El gran perro negro
No era un perro negro (aunque ahora incluso hasta pudiese figurárseme pequeño). Era más bien un enorme y aterrador monstruo, más parecido a un lobo hambriento o sanguinario dispuesto a devorar lo que se le interpusiera. O sea: a mí.
Al despertarme esa mañana recordaba con claridad el sueño y las emociones que me dejó.

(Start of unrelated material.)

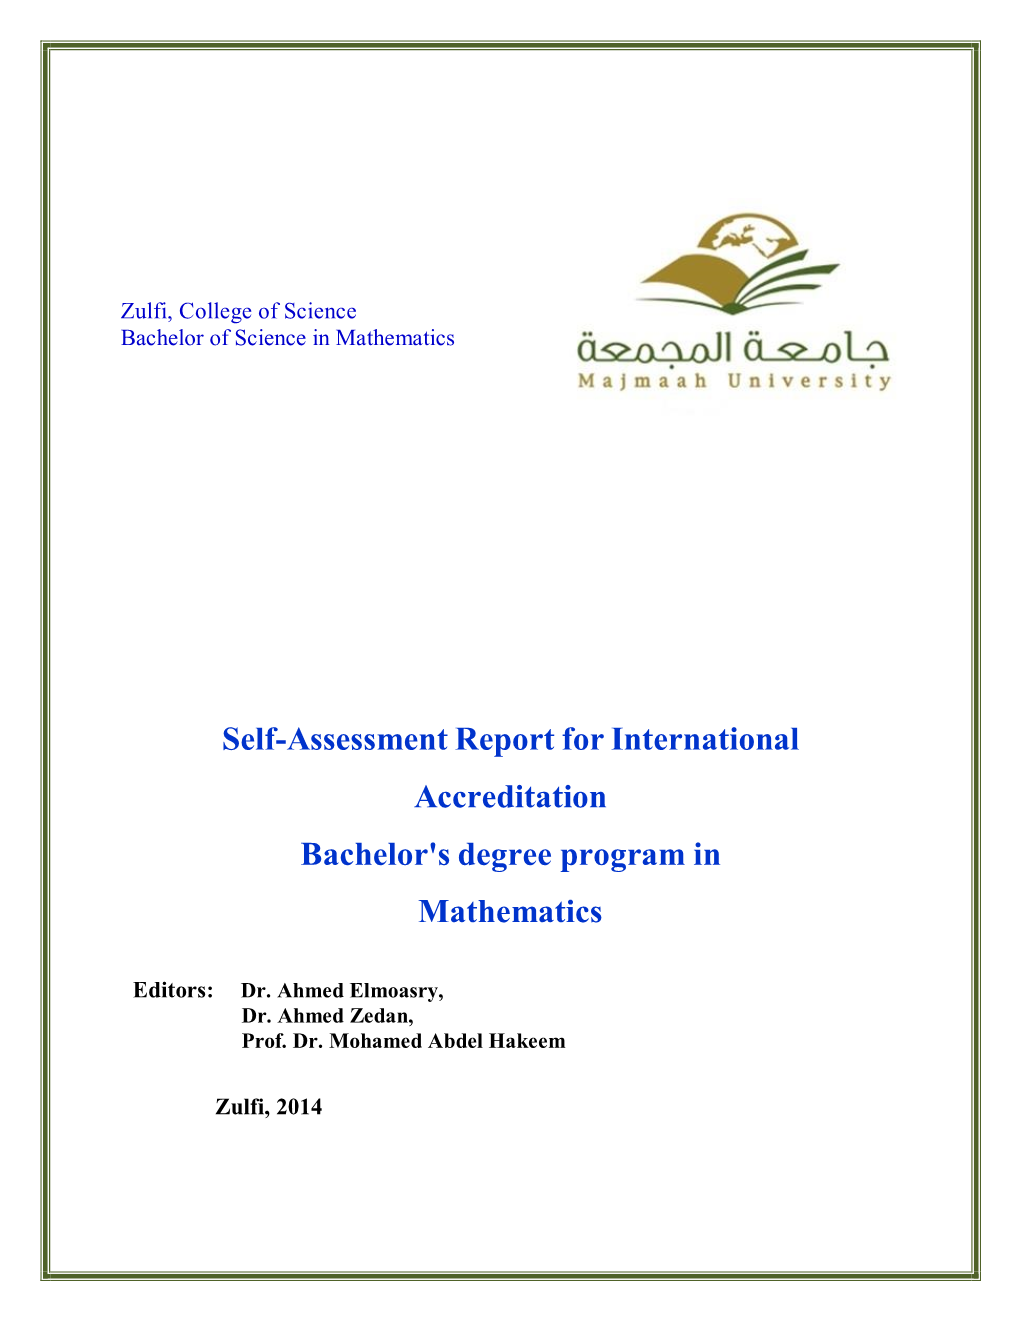 Self-Assessment Report for International Accreditation Bachelor's Degree Program in Mathematics

En esa dimensión no lineal ni espacial, había un hombre que en esta atmósfera era percibido como alguien muy relevante. Bien a bien no recuerdo cuál era su importancia. Podría ser un famoso actor o un respetado intelectual. Además de su porte se distinguía entre todos quienes allí nos hallábamos, por su mascota. Un lince de largas y delgadas patas y rostro si no dócil, al menos no agresivo, que inspiraba cierta sensación de alarma, pero sólo por su naturaleza felina, no porque caminaba al lado del hombre como deslizándose, no siguiéndolo, ni adelantándosele. Por momentos parecía que llevaba una cadena; en otros, iba sin ninguna correa.
Hombre y mascota caminaron hacia un espacio abierto, tal vez un jardín, o un parque. Creí que era un ambiente más adecuado para ellos y sentí alivio. O seguridad. Aunque la situación en sí no tenía nada de alarmante. Podía ser una celebración familiar o una comparecencia cultural. Se departía con gusto; las risas agradables se dejaban oír al interior de la vivienda...

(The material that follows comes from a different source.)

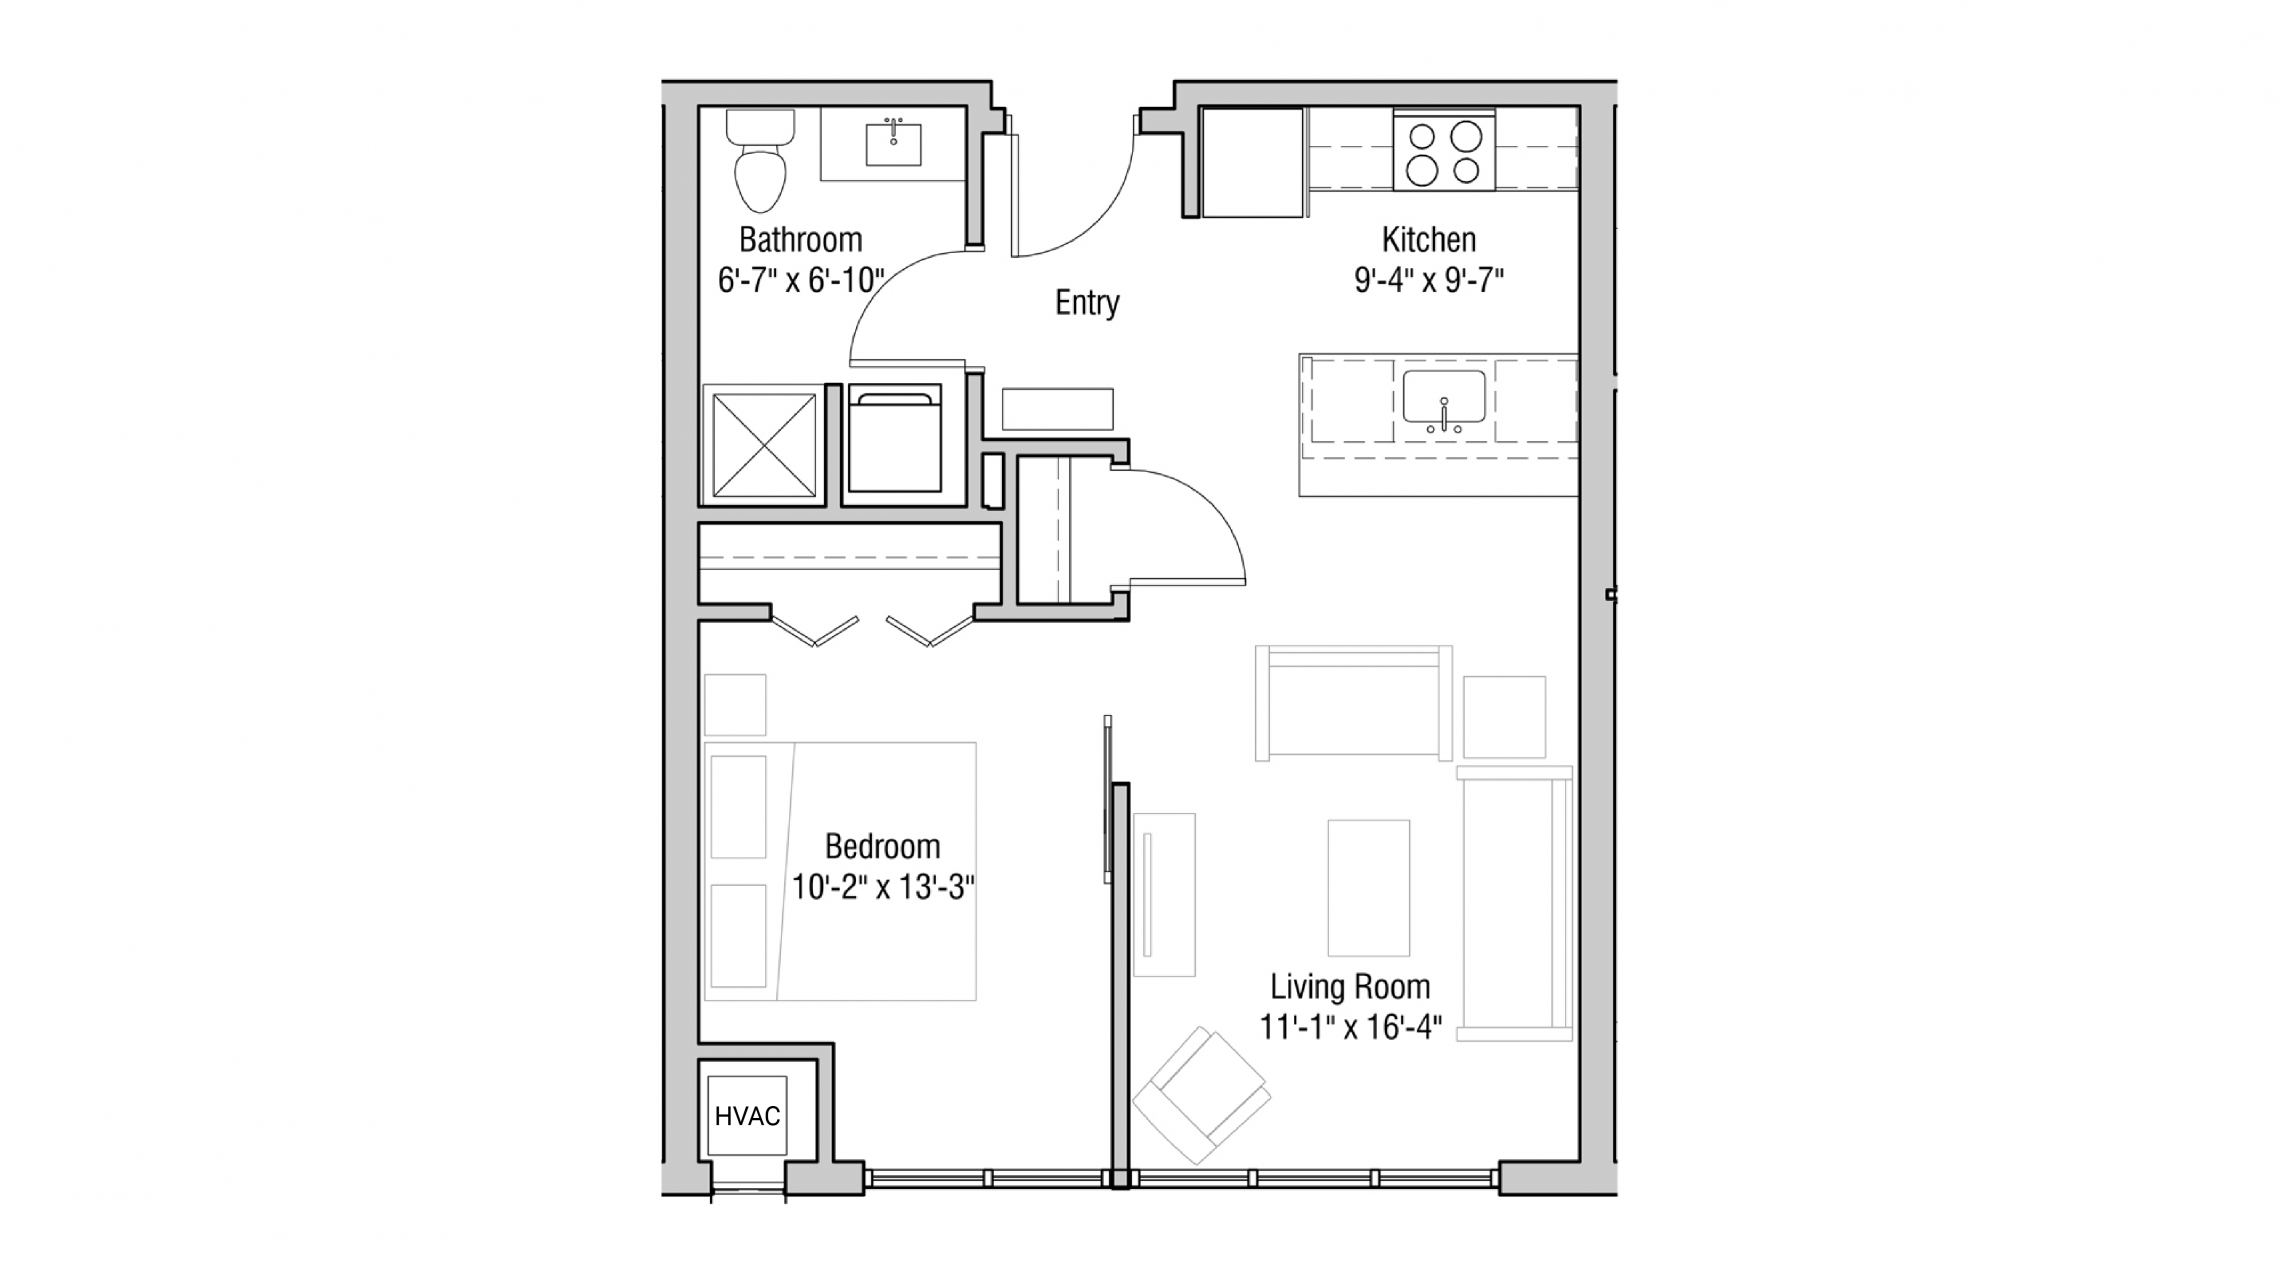 ULI Quarter Row 305 - One Bedroom, One Bathroom

A veces estoy consciente de que estoy soñando. A veces no. No lo sé en este caso. Pero me sentía bien y cómoda y vi que el hombre regresaba sin su mascota y venía hacia mí.
De pronto, el pánico, desgarrando el escenario, nos invadió de un brinco. Era el gigantesco animal, de pelaje oscuro y fauces enrojecidas, salido de no sé dónde, quien nos atacaba enfurecido. Pensé que el hombre del lince podría detenerlo pero, al ver su alarma, me di cuenta que la víctima era yo y que no podría evitar el ataque. Estaba paralizada. Casi sentía los colmillos arrancándome los brazos...
Entonces, súbitamente, el temor de ser despedazada se desvaneció y me enderecé tranquila.
La bestia se detuvo frente a mí, desconcertada. La miré a los ojos, fijamente. Ella me desafió con su mirada salvaje. Con claridad y firmeza, aunque en voz baja, casi imperceptible le ordené: Calma, calma, calma. No sé por cuanto tiempo le sostuve la mirada. Finalmente el animal se dio la vuelta y desapareció por donde había surgido.
El hombre me sonrió y con su mascota atada a la correa se incorporó a la reunión.
Le entendí, creo. Pues me sentí feliz y libre de amenazas.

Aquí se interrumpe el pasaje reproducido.